TileDB Cloud Internals

This page group provides details on the TileDB Cloud internal mechanics. You can navigate from the menu on the left, or through the following links:

Architecture

This page describes the architecture of our TileDB Cloud SaaS offering.

Currently, TileDB Cloud (SaaS) runs on AWS, but in the future it will be deployed on other cloud providers. The principles around multiple cloud regions and cloud storage described in the architecture below are directly extendible to other settings (on the cloud or on premises).

Do you wish to run TileDB Cloud under your full control on premises or on the cloud? See .

The following figure outlines the TileDB Cloud architecture, which is comprised of the following components:

Automatic Redirection
Orchestration
UI Console
System State
REST Workers
Jupyter Notebooks

We explain each of those components below.

Automatic Redirection

TileDB Cloud maintains compute clusters in multiple cloud regions, geographically distributed across the globe. The reason is that users may store their data in cloud buckets located in different regions, and it is always faster and more economical to send the compute to the data; that eliminates egress costs, reduces latency and increases network speeds. However, users may not know which region the array they are accessing is located.

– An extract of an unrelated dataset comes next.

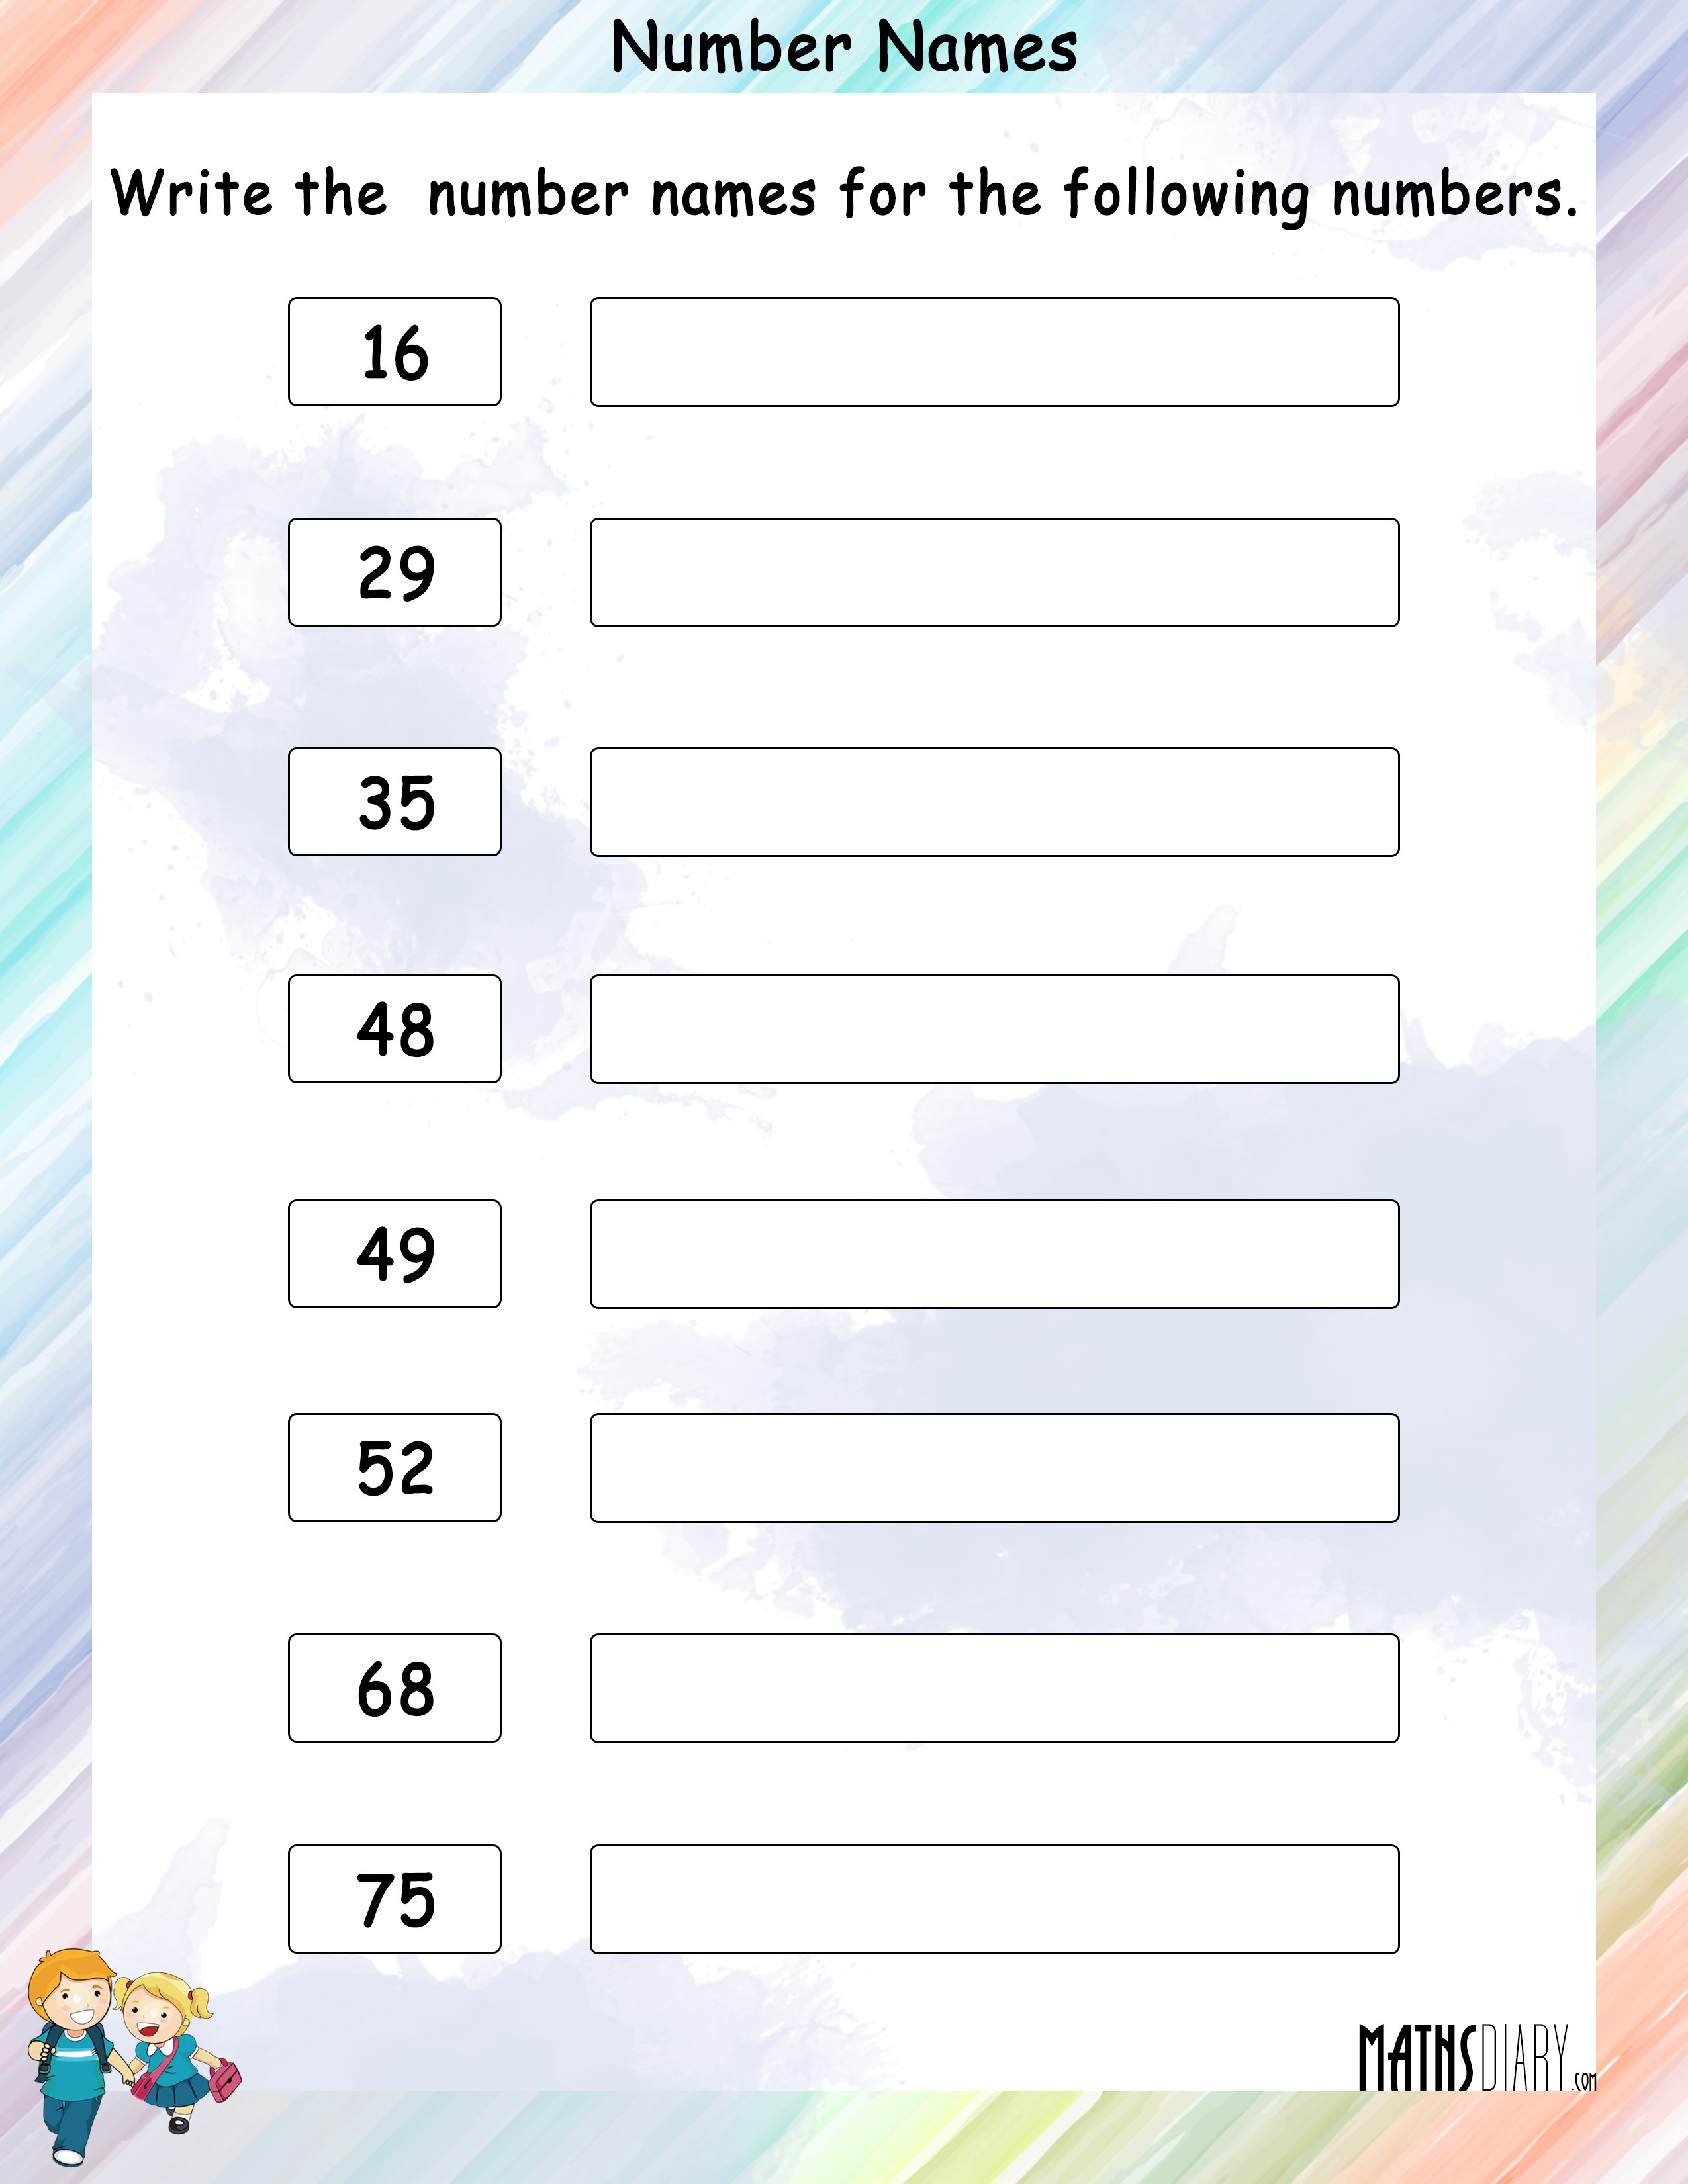 Write number names for given numbers - Math Worksheets

To facilitate sending the compute to the appropriate region, TileDB Cloud supports automatic redirection using the Cloudflare Workers service. This provides a scalable and serverless way to lookup the region of the array being accessed (maintaining a fast key-value store that is always in sync with the System State) and issue a 302 temporary redirect to the HTTP request. TileDB Open Source and the TileDB Cloud client will honor the redirection and send the the request to the TileDB Cloud service in the proper region (see Orchestration).

If your array lives in a cloud region unsupported by TileDB Cloud, the request is sent to us-east-1. We plan a future improvement to redirect to the nearest region instead.

Currently, automatic redirection is enabled by default, and the behavior can be controlled by using a configuration parameter. The user can also always dispatch any query directly to a specific region.

Orchestration

In every cloud region, TileDB Cloud maintains a Kubernetes cluster that carries out all tasks, properly autoscaling and load balancing to match capacity with demand based upon several factors. We use the Kubernetes built in metrics and monitoring toolchain to ensure pod memory usage is monitored and we have an accurate picture of the real world workloads at all times.

Currently supported regions:

us-east-1
us-west-2
eu-west-2
ap-southeast-1

In each region we use a variety of compute EC2 instance types, predominantly from m5, c5 and r5classes.

UI Console

The TileDB Cloud user interface console (https://cloud.tiledb.com) is a web app written in React that uses the REST Workers API across the same procedures and protocols as the clients. Many of the same routes are also used directly from one of the many clients, such a TileDB-Cloud-Py or TileDB-Cloud-R. The console web app autoscales based on the load, but currently it runs only inside the us-east-1cluster.

System State

TileDB Cloud maintains persistent state about user records, arrays, UDFs, billing, activity and more by using an always encrypted MariaDB instance. This instance is maintained in the us-east-1 region. In addition, this state is replicated and synced at all times with a read-only MariaDB instance maintained in every other supported region, in order to reduce latency for the queries executed in those regions.

REST Workers

TileDB Cloud's architecture is centered around a REST API Service. The service is a Go based application which provides all of the base functionality such as user management, authentication and access control, billing and monetization (via integration with Stripe), UDF execution, and serverless SQL orchestration used in TileDB Cloud. The REST Service is deployed in Kubernetes with a stateless design that allows for distributed orchestration and execution without the need for centralized coordination or locking.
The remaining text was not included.